From the Pulkovo Heights to the south of the city, German observers with binoculars watched and recorded, with cold scientific detachment, the breakdown of law and order within Leningrad. They were eager to see how long it took for the Slavic population to abandon all pretence of humanity. But in spite of everything they inflicted on the city, humanity remained. One day, fourteen year old Zoya Taratynova was in charge of a cart delivering bread to the hospital, when a ragged crowd began to gather aggressively around her; when her strength ebbed, the cart overturned in the street and the crowd pounced. Zoya shouted: "Please don't take the bread - it's for the hospital!" and after several moments of silent hesitation, the crowd shuffled forward, gathered the bread and put it back in the cart. Not a single loaf was stolen. One young mother recounted the tale of how an old woman in the middle of an impossibly long queue for a dwindling supply of macaroni spotted her crying in the street; after explaining to the old woman that she had a small child at home who she couldn't feed, the babushka declared for the benefit of all around: "You're in front of me in the queue!" The mother was, eventually, the last person in the line to receive any food; the old woman went away empty-handed. Fatherless twelve year old Andrei Krukov was amazed when a group of people he'd met by chance in an air-raid shelter showed up at his door one day with all the rations they could muster, to share with him.

The heroism shown by ordinary Soviets in response to the encirclement of Leningrad didn't just occur within the city; the ingenious ice road across the frozen Lake Ladoga allowed convoys of trucks to ferry supplies past the siege lines in the face of German bombardment and the constant risk of the heavily-laden vehicles breaking through the ice and carrying their drivers to a cold, deep death at the bottom of the lake. Likewise, attempts were made to secure a bridgehead on the southern bank of the River Neva which could break the siege and open up a supply corridor to the rest of the USSR. This bridgehead was called the Nevsky Pyatochok, a strip of land three kilometres long and one kilometre wide. Over the course of two and a half years, under a constant storm of shelling and sniper fire, nearly half a million men died on that narrow patch of riverbank; unidentifiable skeletal remains still routinely emerge from the ground to this day, along with the personal belongings of long-dead frontoviks. One water flask recovered there in the last decade was engraved as an 18th birthday present to its owner, Viktor Krovlin, on 29th September 1941. Krovlin's entire brigade was wiped out over the following month. In October 1941, nurse Elena Svetkova established a medical station on Nevsky Pyatochok to attend to the constant flood of wounded troops; most could not be saved. Of the very few who made it back across the river to receive proper medical attention, one was a young marine named Vladimir Putin. That marine would go on to have a son whose hobbies included fly-fishing and intensely homophobic legislation. The accidents of history.

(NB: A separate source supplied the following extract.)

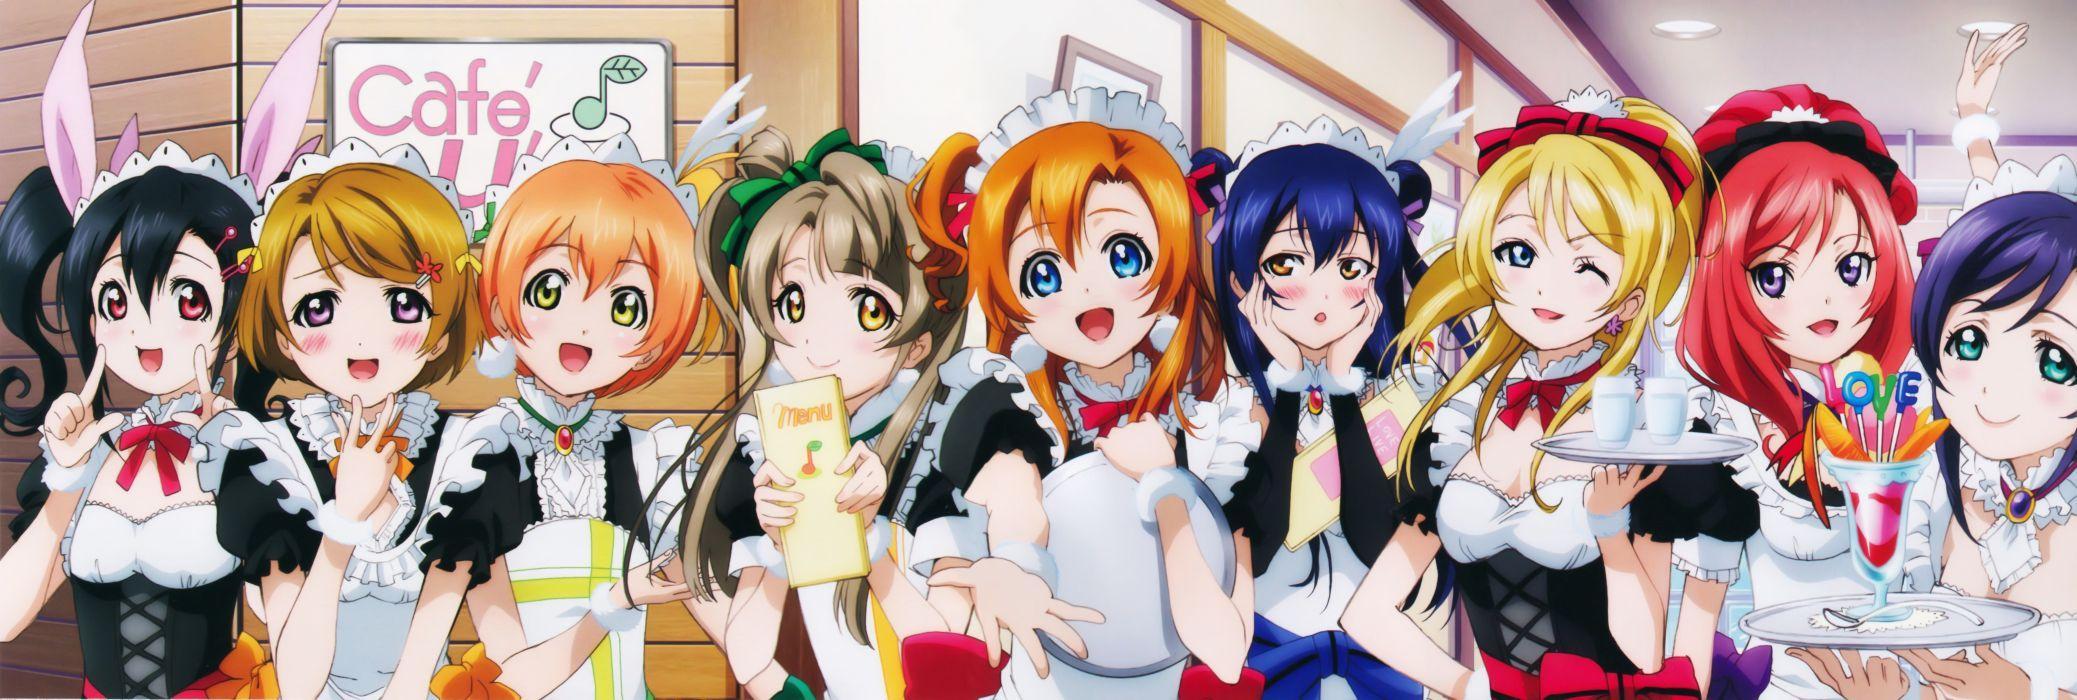 love live! maid ayase eli hoshizora rin koizumi hanayo kousaka honoka wallpaper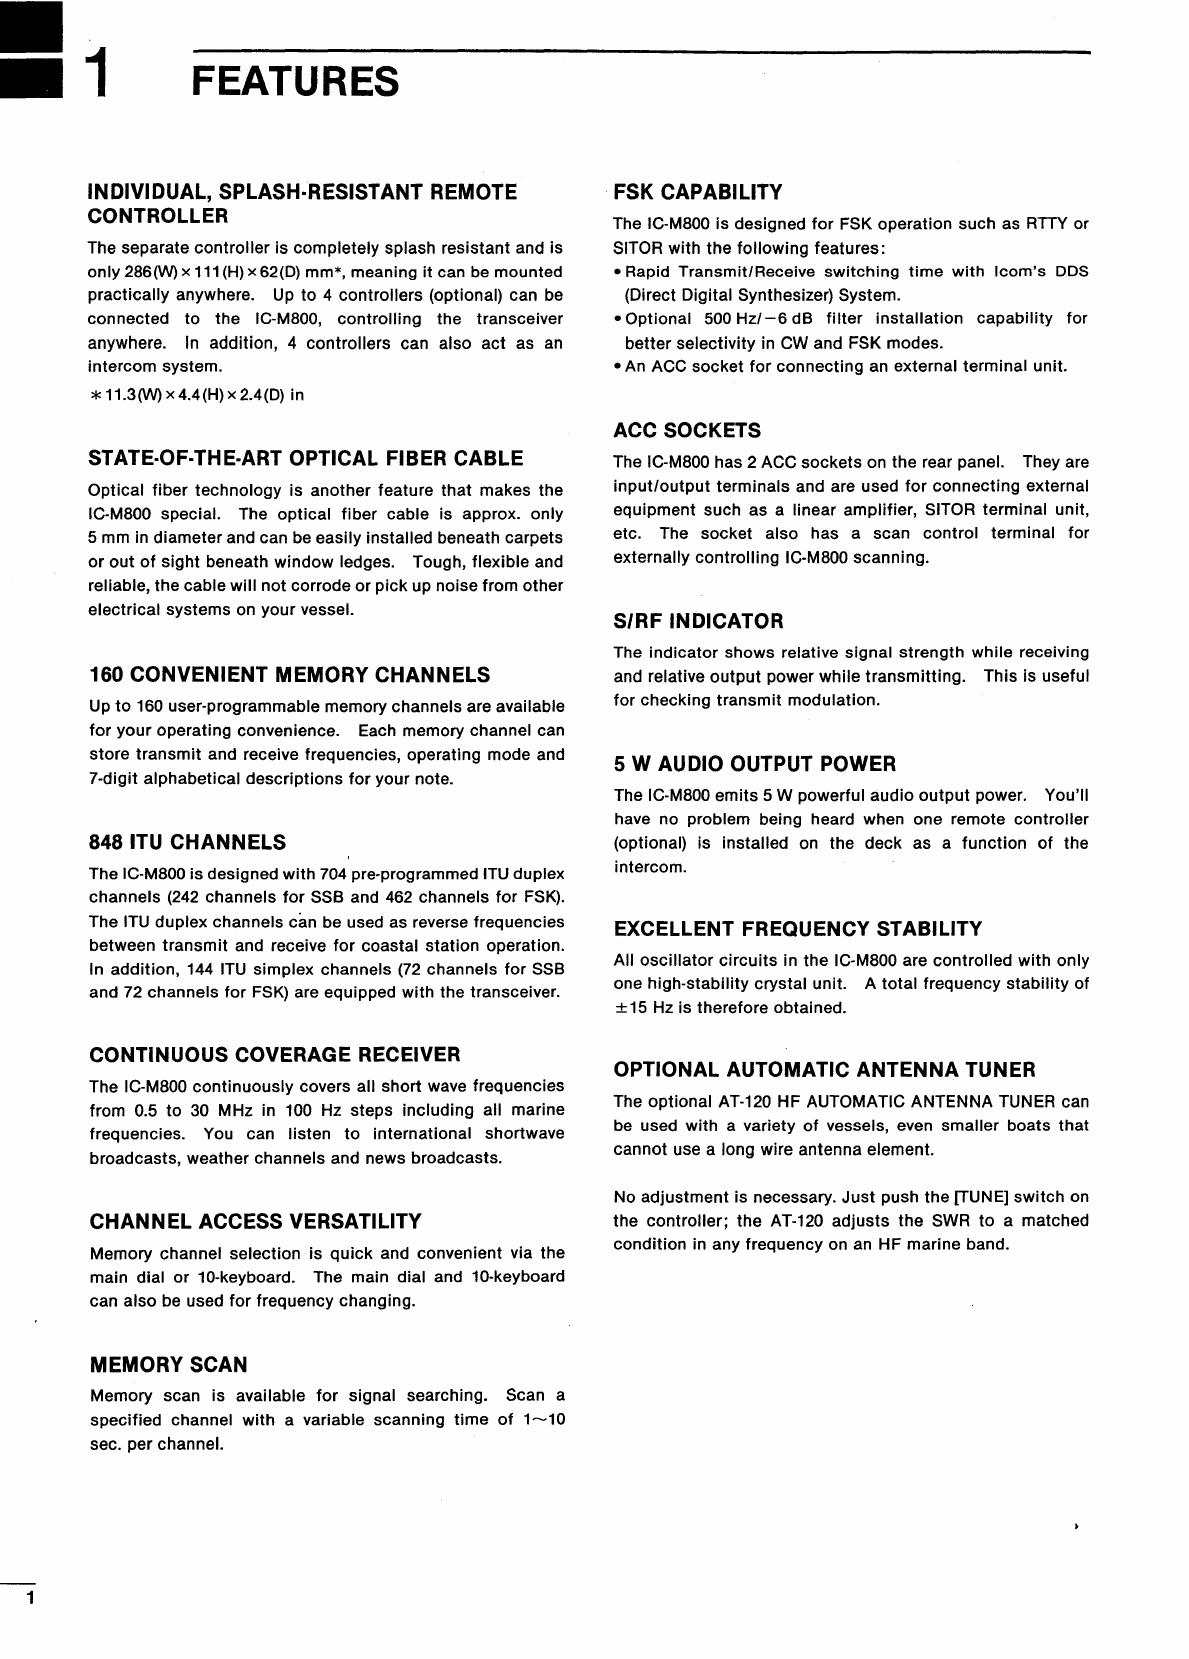 Manual Icom IC-M800 (page 1 of 32) (English)

The corridor was eventually established, the siege eventually lifted. Even now, you can see the seventy-year-old signs on Nevsky Prospekt in St Petersburg warning you that the northern side of the street is the one most exposed to shellfire. So take a few moments from your day to acknowledge that this human tragedy really happened, all those years ago. If you ignore it, if you sweep it under the carpet, you relegate the warm, dangerous, kind, terrifying, inspirational humanity of all those who lived through it to the status of a statistic.

And on that day, the war will finally have been lost.